Wal-Mart Loses Bid To Sell Liquor In Texas
January 08, 2020
A federal court of appeals on Tuesday turned down Wal-Mart’s latest attempt to have a new hearing on a Texas law that bars publicly traded corporations from selling liquor. The 5th U.S. Circuit Court of Appeals in August ruled that the state law did not violate the dormant commerce clause. That decision was affirmed in December.
Wal-Mart wants to sell distilled spirits at its stores and Sam’s Club locations in Texas. Wal-Mart already does sell wine and beer in the state.
Tuesday’s decision is a win for Texas Package Stores Association Inc. which fought Wal-Mart’s challenge to the Texas liquor law in federal courts.
“We’re delighted,” G. Alan Waldrop of Terrill & Waldrop, an attorney for the Texas Package Stores Association Inc, said Tuesday.
Wal-Mart in December filed a motion for a re-hearing “En Banc” by all judges of the 5th U.S. Circuit Court of Appeals.
What happens next is unclear. Wal-Mart has not indicated what it will do next.
“We continue to believe that the decision hurts Texas consumers. We have not made any decisions on next steps, but will consider all of our options,” Anne Hatfield, director, Walmart Global Communications, said Tuesday.
Waldrop explained Wal-Mart could petition to have its case heard before the U.S. Supreme Court.
The case could also be heard again in a lower court to settle one outstanding issue. The 5th U.S. Circuit Court of Appeals has remanded to the district court the question whether or not there was a “discriminatory purpose” in the Texas law – whether or not it was put in place with the intent to discriminate.
Liquor retailers in Texas have to obtain a permit for each location. There are about 2,580 active permits in Texas, including more than 570 issued to chains of six or more permits. However, publicly-traded corporations or corporations with 35 or more shareholders are prohibited from owning such permits.
Wal-Mart had plans to open liquor stores next to its existing retail locations, according to court records. Wal-Mart sells wine in 47 states, including at 668 stores in Texas, according to a court brief filed in December.
The U.S. Supreme Court in June ruled a state of Tennessee law that required liquor store owners to be in-state residents for two years before they can apply for a retail liquor license was unconstitutional
Attorney John Hinman, founder and partner at Hinman and Carmichael LLP in San Francisco, said that “While the Texas package store case (which is a discrimination case – discrimination based on public corporation status) is important, direct shipping is not squarely implicated.
“Texas has banned the sale of spirits by public corporations – whether in state or out of state. So the restriction is facially neutral,” Hinman said.
“However it does undercut the rationale of the Tennessee wine case because there is no public health, welfare or temperance reason articulated by Texas in enacting the ban on public companies,” he added.
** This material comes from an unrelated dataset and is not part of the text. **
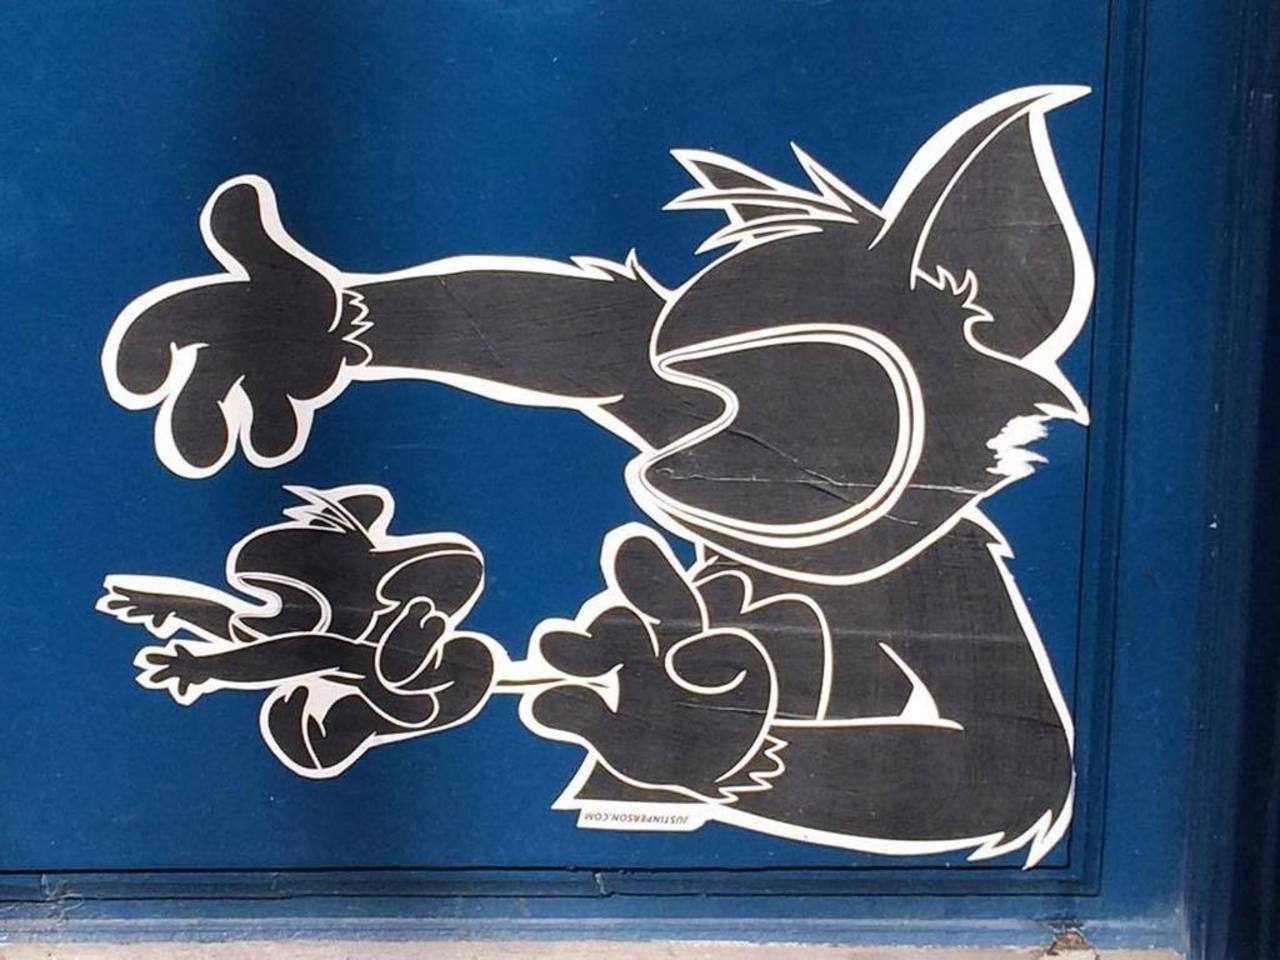 Cat&Mouse #streetphotography #parisstreetart #graffitart #graffiti #streetart #collage #stencils #welovestreetart #… http://t.co/r21hwpdp4A

“Will the Supreme Court take the case? It might because it would be an opportunity to expand upon the concept of discrimination having to be justified by legitimate state interests. Here there are none,” Hinman said. “As for (Direct-To-Consumer sales) a decision in favor of Wal-Mart would advance the cause of DTC by requiring a legitimate justification for a discriminatory state restriction on issuing permits to out of state merchants.”
The case began in 2015 when Wal-Mart successfully sued the Texas Alcoholic Beverage Commission over the prohibition against publicly-traded companies. The Texas Package Stores Association was an intervening party in the proceedings.
The Texas Legislature put in place the prohibition in 1995 after a court decision that a state requirement that an applicant had to be a Texas resident for at least one year in order to sell alcohol was unconstitutional. Wal-Mart argued that the intent of the legislators was to continue to favor Texas ownership of package store permits even after the court ruling, according to court records.